Ukrainian company directors have been proving that old adage wrong for years, using simple schemes to keep full control over their companies – even if the director owns only a minority stake himself, or sometimes no shares at all.

The problem is tied to the slow development of the Ukrainian share depository, an electronic stock clearinghouse that is supposed to ease the transfer of company shares from buyer to seller.

Even though a Ukrainian depository, run by JSC Interregional Securities Union, is already up and running, with over Hr 1.8 billion worth of shares deposited, company directors are wary of using the new service.

The root of this problem lies with privatization process in Ukraine, and the system of shares registration that grew up around it.

In textbook Ukrainian privatization, a company emits its shares, part of which are distributed among employees and management. The rest are sold via tenders or through the stock exchanges by the State Property Fund, and usually the state retains a sizable stake. Rarely is any one party left with a controlling stake.

Each company that emits shares is required by law to employ a registrar, who keeps track of the owners of the company's shares registers any change of ownership of existing shares.

However, the law allows the company itself to choose its own registrar. This is where the problems start.

'Usually, a company director creates his own registrar by appointing one of his best buddies, or he finds a registrar with whom he has very good relations,' said Yury Shapoval, JSC Interregional Securities Union vice president.

'The registrar supplies the company director with detailed information about who owns how many shares and, even more importantly, tells him when someone starts to buy up shares from minor holders with the purpose of gaining more control over the company or taking over the company altogether,' he said.

The minority share holders in Ukrainian companies are more often than not their own employees, and a company attempting a takeover will often approach them first when trying to build a controlling stake.

However, to buy these minority stakes, the company attempting the takeover has to register its ownership with the company registrar, who immediately informs the company director of the takeover bid.

'The director then visits each of his employees in turn and tells them that anyone who sells their shares will be fired immediately,' Shapoval said.

Many a takeover attempt has been scuttled in this way, most notably the French company Lafarge's attempt to gain a controlling interest in the Mykolayiv Cement Plant.

After winning a tender for a stake in the Mykolayiv plant, Lafarge went about building up its stake by buying up shares from company employees. But Lafarge found it next to impossible to register its ownership of these shares. The company registrar refused to re-register the shares, claiming there were errors in Lafarge's re-registration documents.

The registrar company was owned by Gradobank, which also holds a stake in Mykolayiv Cement.

'Obviously, Gradobank was trying to retain control over Mykolayiv Cement with the help of its own registrar,' Shapoval said.

Not surprisingly, the director-registrar partnership not only scares off potential foreign investors, it is also a burden on the company itself.

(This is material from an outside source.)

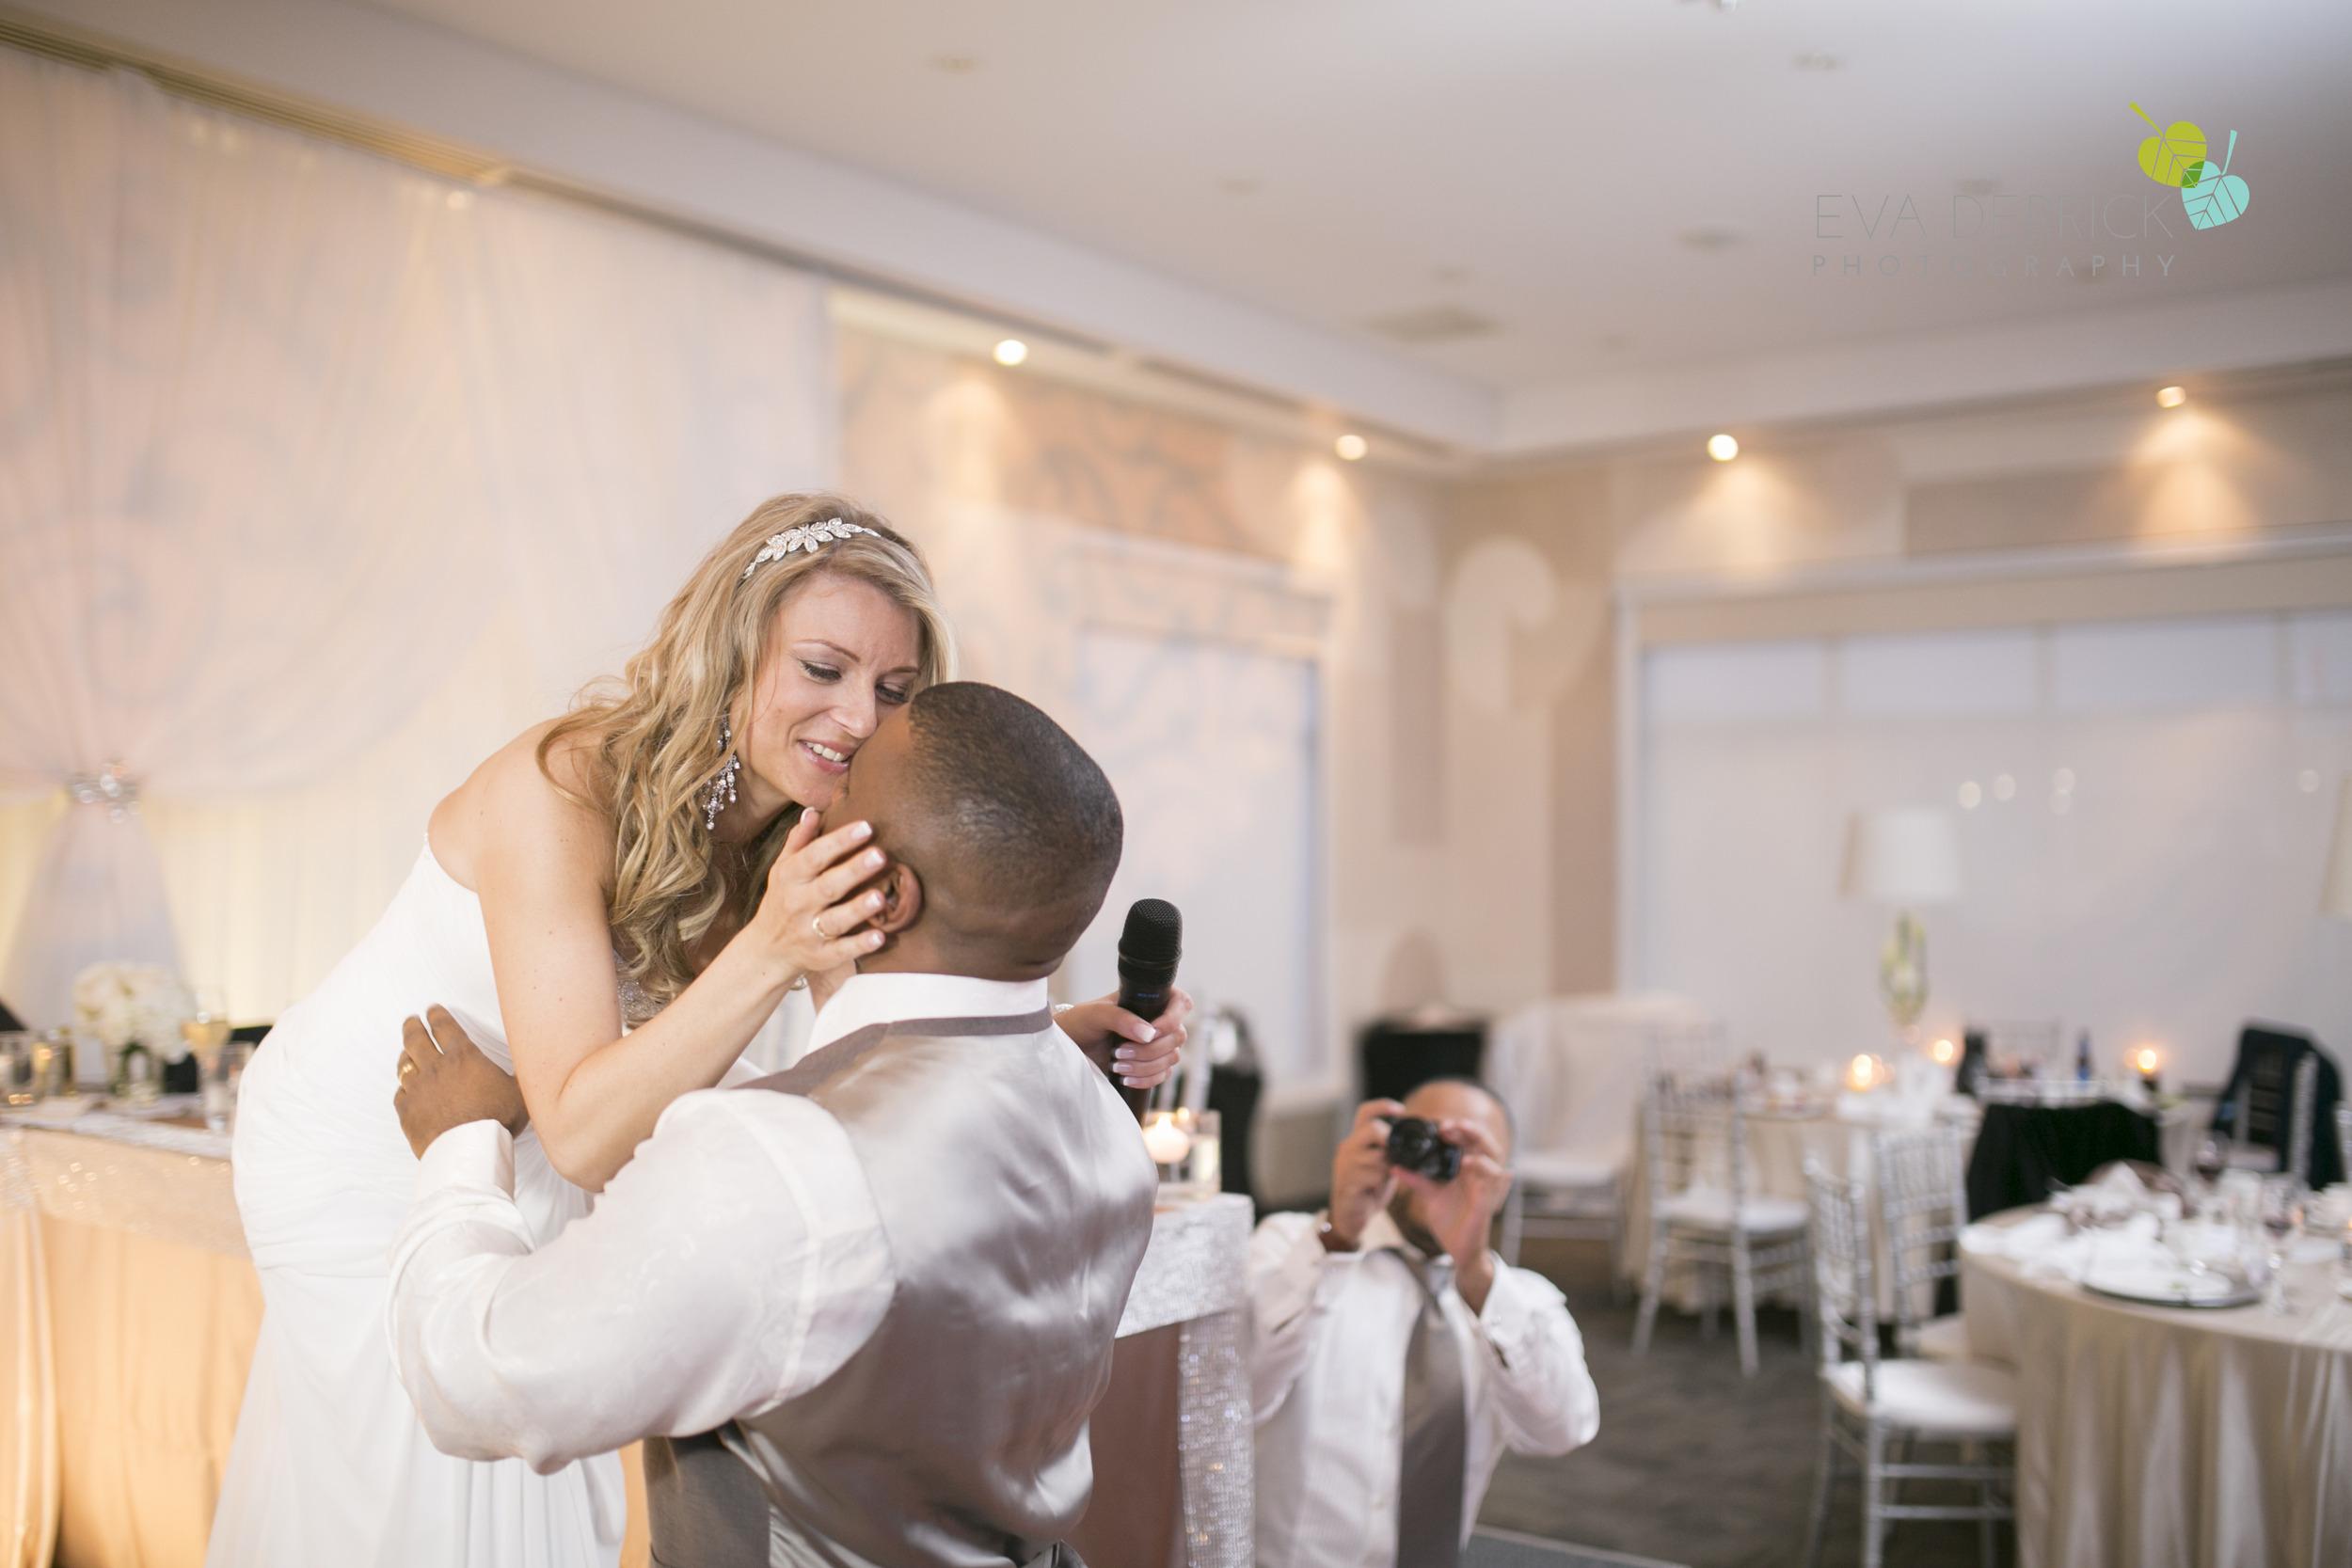 edp_wedding_jenna_chris-0469.jpg

For a start, the company has to print up millions of paper shares, at a cost of around Hr 1 each. Under Ukrainian law, registered paper shares must bear the owner's name, so each time a share changes hands a new certificate has to be printed up with the new owner's name on it. Share certificates with the old owners names have to be stored with a bank for five years before they are destroyed, and the storage costs are billed to the issuing company.

A simple solution to all these problems would be to make use of a share depository and electronic shares, according to JSC Interregional Securities Union President Mykola Shvetsov.

'The depository allows ownership rights to be transferred quickly and eliminates the risk of shares' getting lost,' Shvetsov said.

What is more, the transfer of share ownership takes a matter of hours with the depository, as opposed to five to seven days through a company registrar, Shapoval added.

Unfortunately, these advantages to share owners are seen as distinct disadvantages to Ukrainian company directors, so the depository is not growing as fast as was hoped.

'If shares are stored at a depository, the company director or other interested owners cannot determine just who exactly owns these shares. They understand they can lose control over the company more easily and more quickly if their shares are stored at a depository, so they prefer not to use its services,' Shapoval said.

Despite the problems, plans are going ahead to turn the Interregional Securities Union depository into a national shares depository. The U.S. Agency for International Development is planning to invest $10 million in the depository's development, and the U.S. aid agency has already given consultants PricewaterhouseCoopers the job of implementing the project. The project is scheduled to be completed by next summer.